### [Aim of the exercise]
Apart from the pictures, return every line of the listing exactly.

### [Data extract]
-----

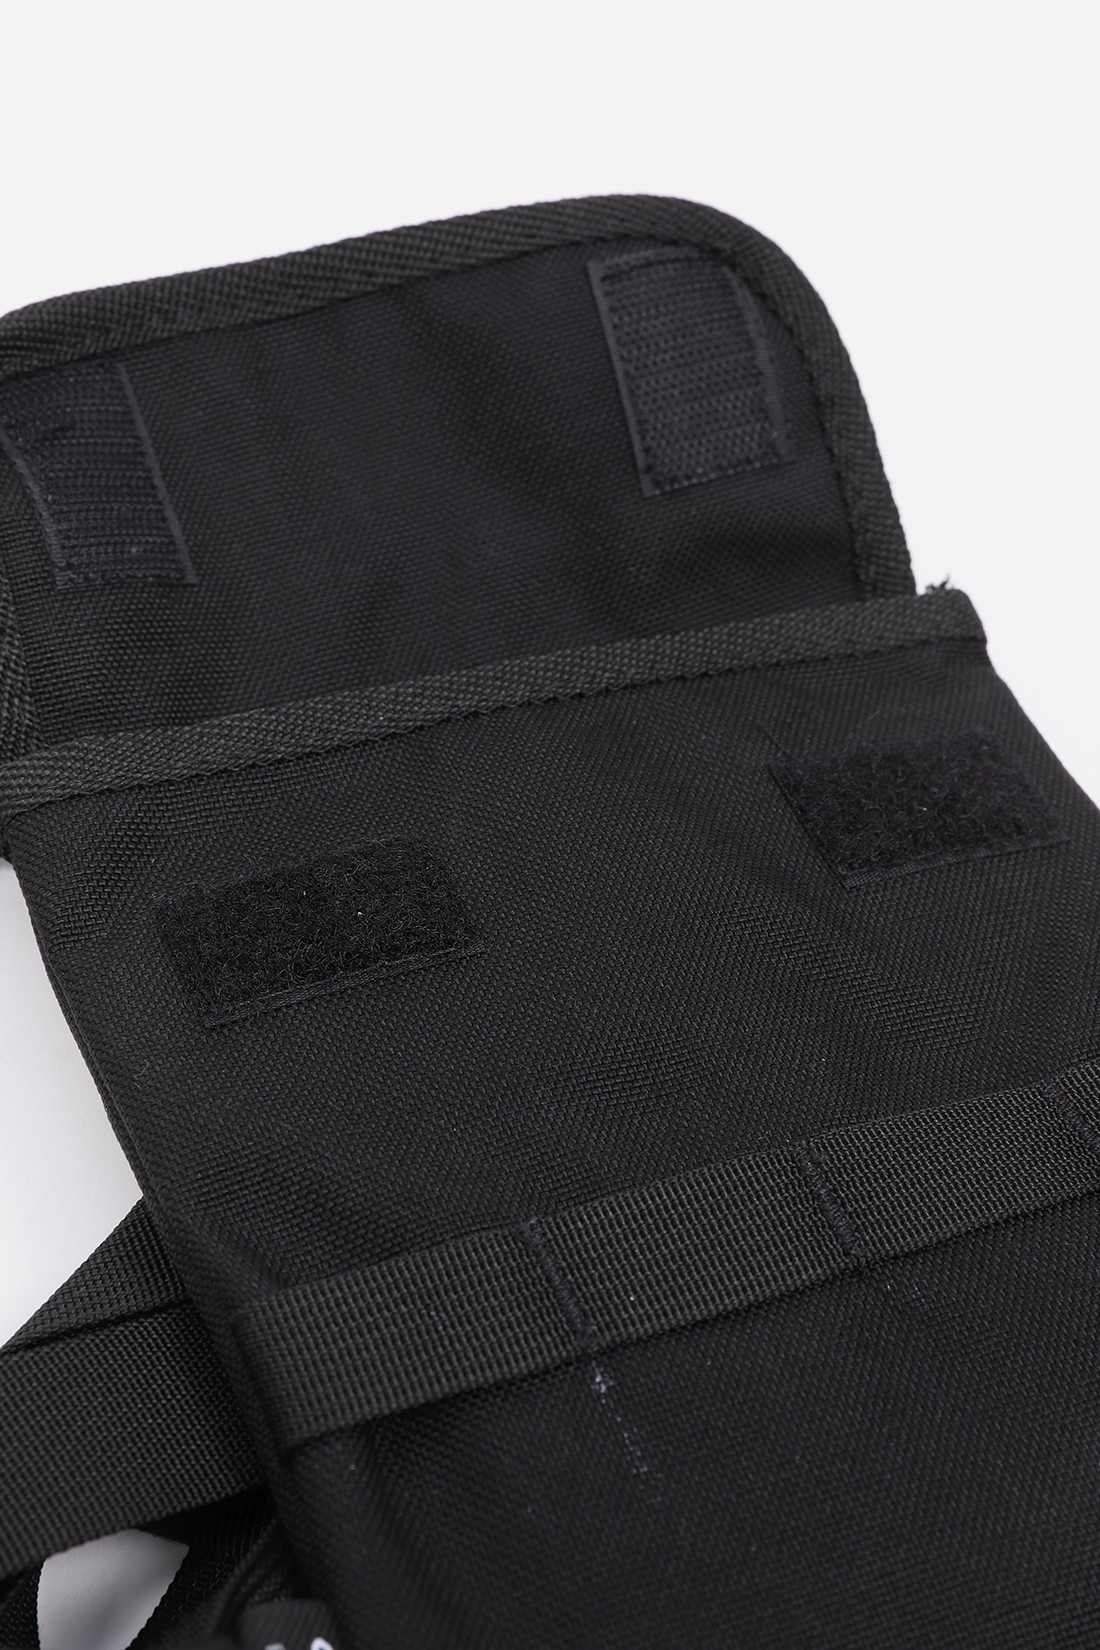 BATTENWEAR / Travel pouch v.2 cordura nylon Black
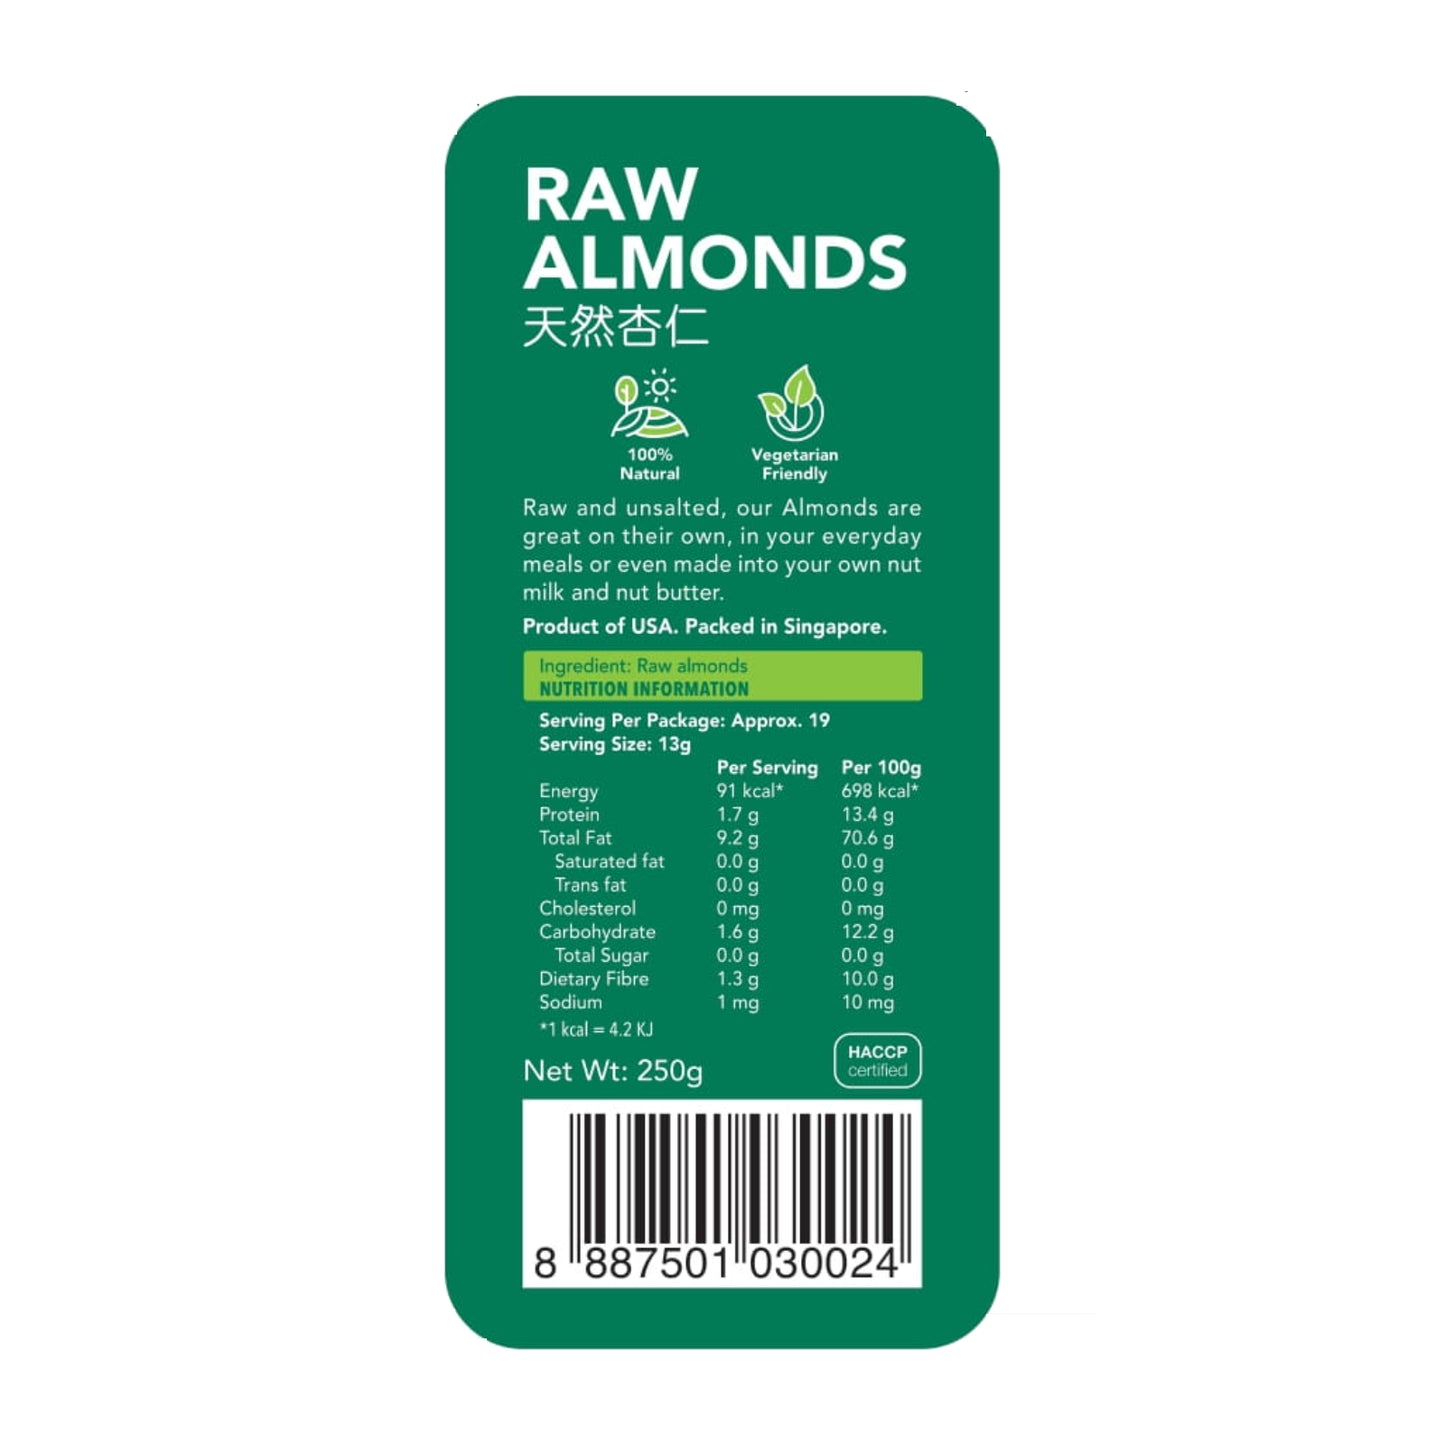 Origins Health Food Raw Almond Nuts USA 250G - Bloom Concept
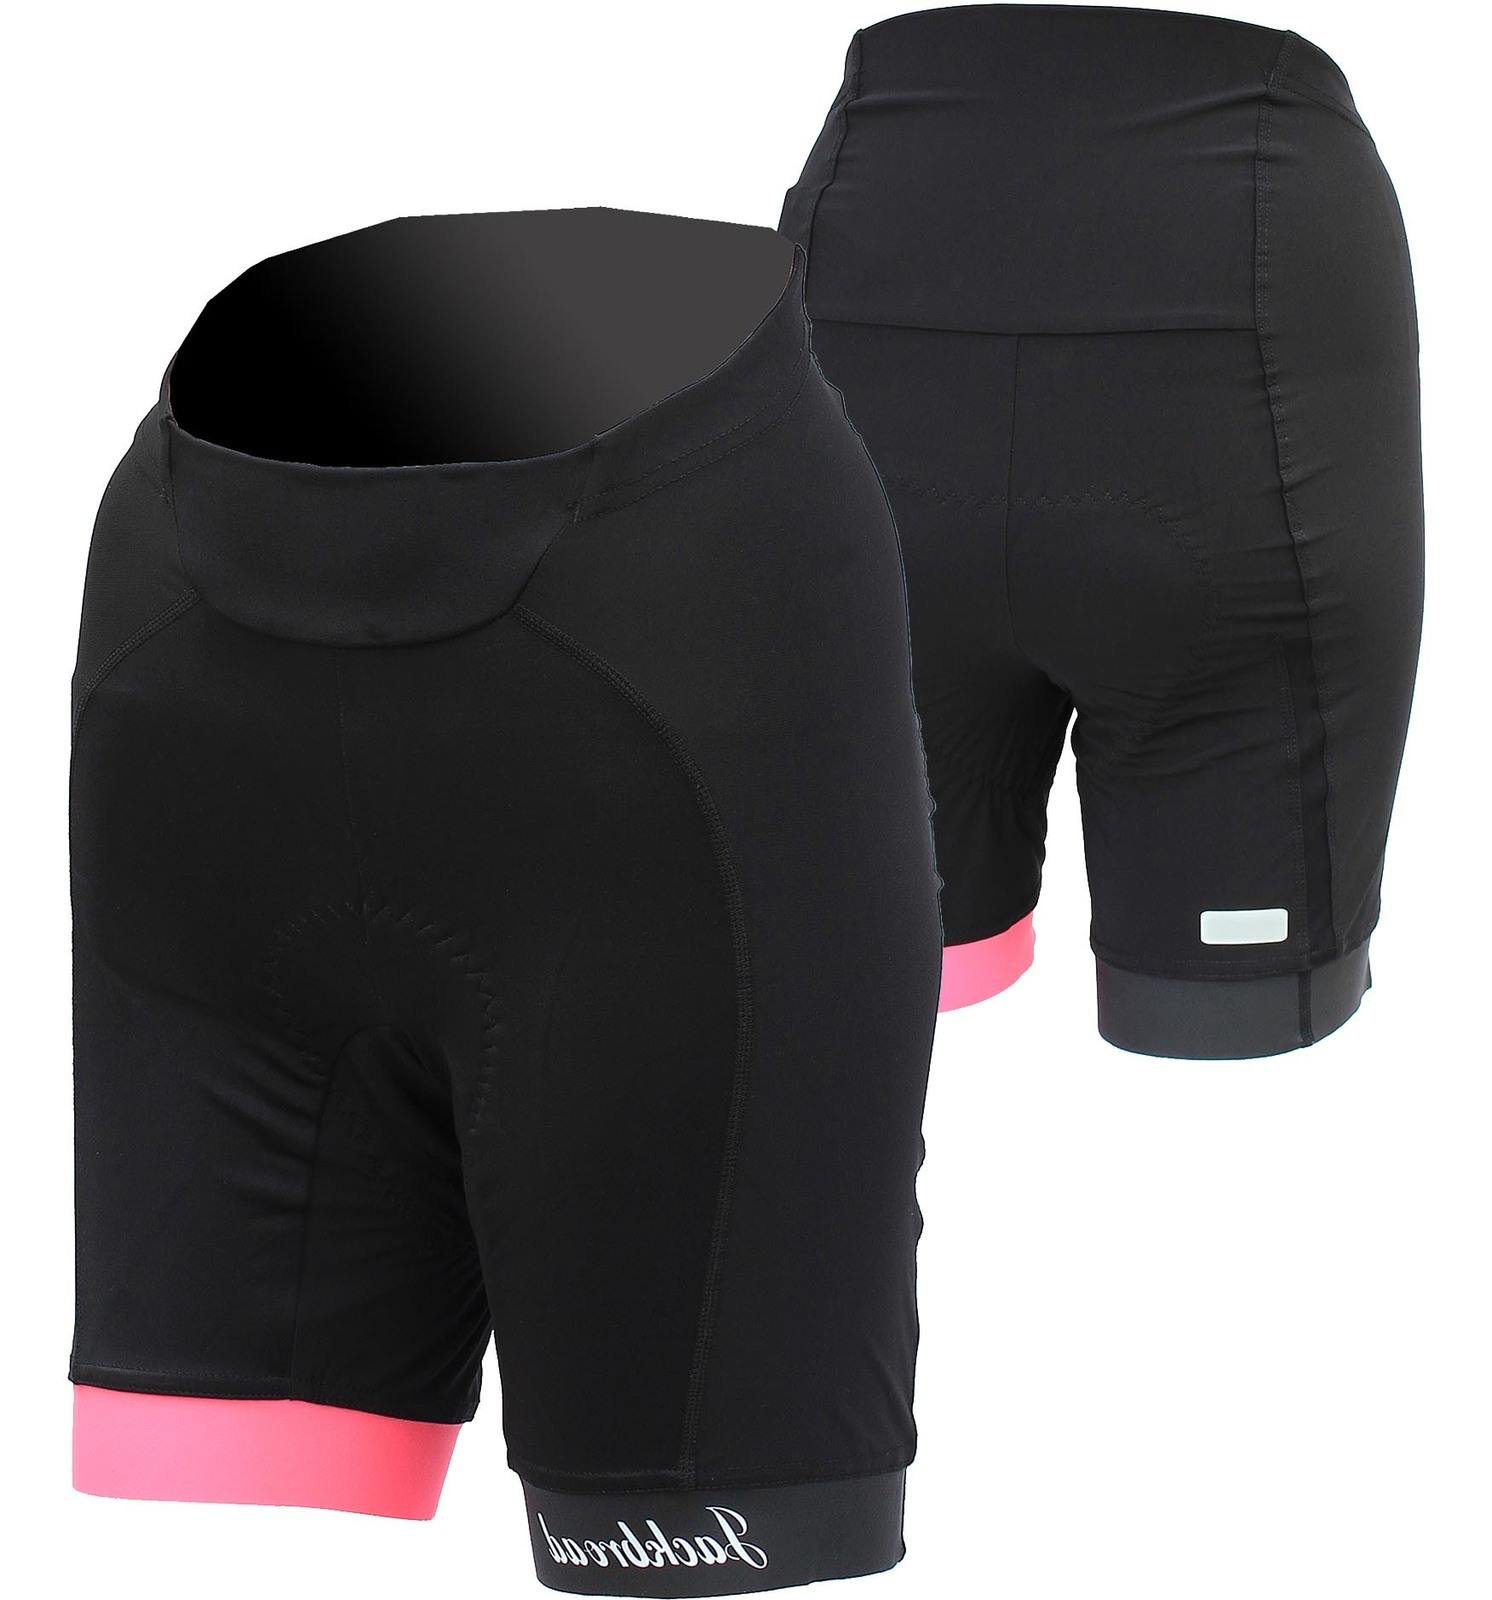 Jackbroad Premium Quality Cycling Padded Shorts Black Pink Medium
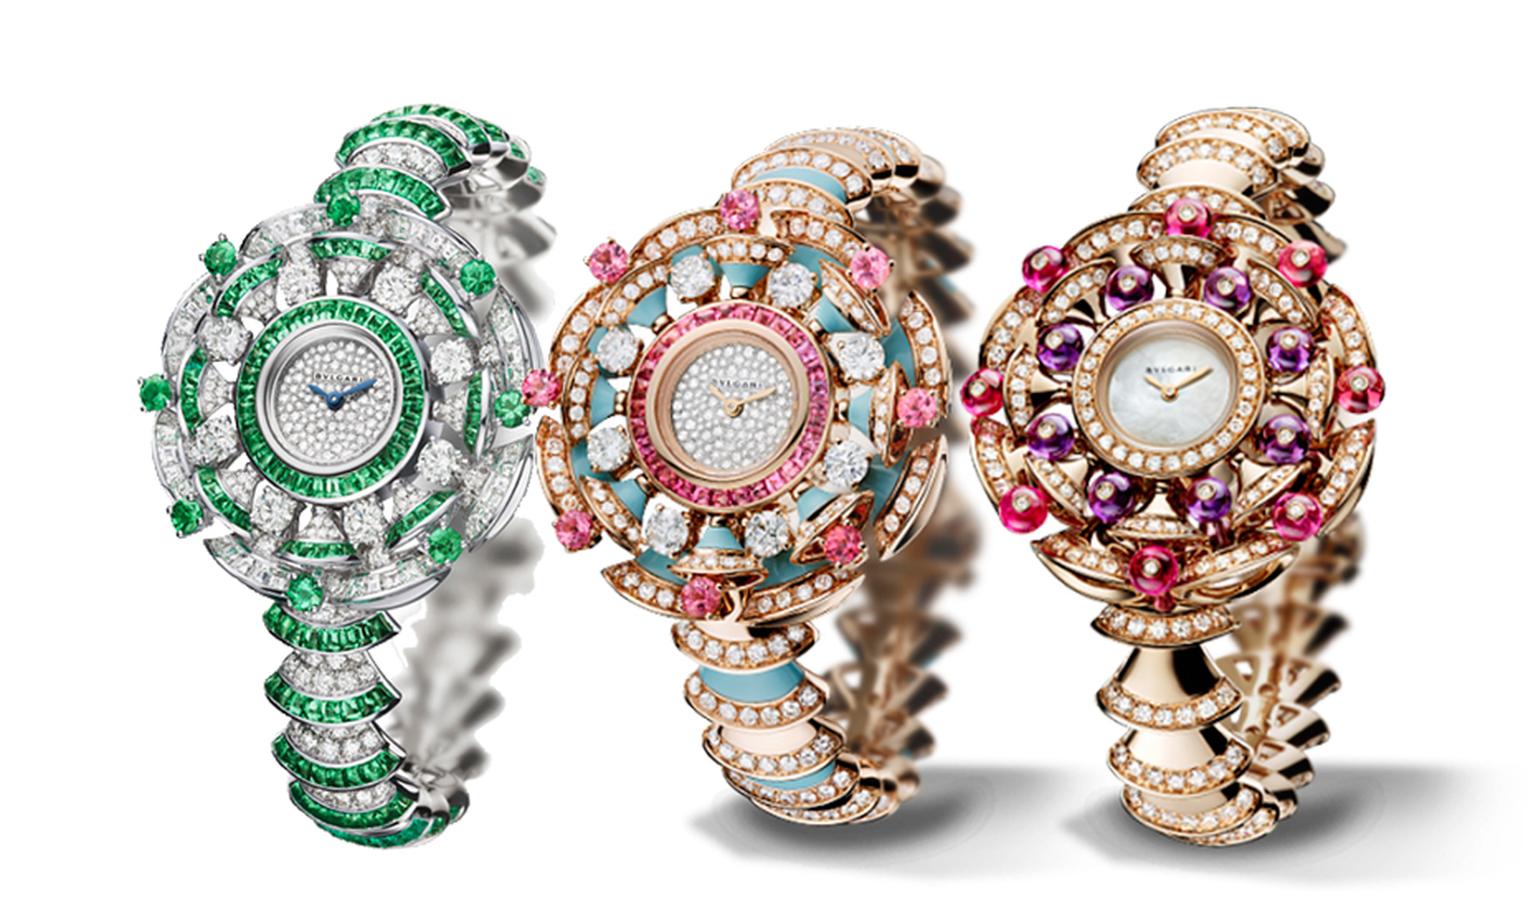 The Bulgari Diva high jewellery watch

-----

### [Task output]
 BATTENWEAR / Travel pouch v.2 cordura nylon Black
 Origins Health Food Raw Almond Nuts USA 250G - Bloom Concept
 Jackbroad Premium Quality Cycling Padded Shorts Black Pink Medium
 The Bulgari Diva high jewellery watch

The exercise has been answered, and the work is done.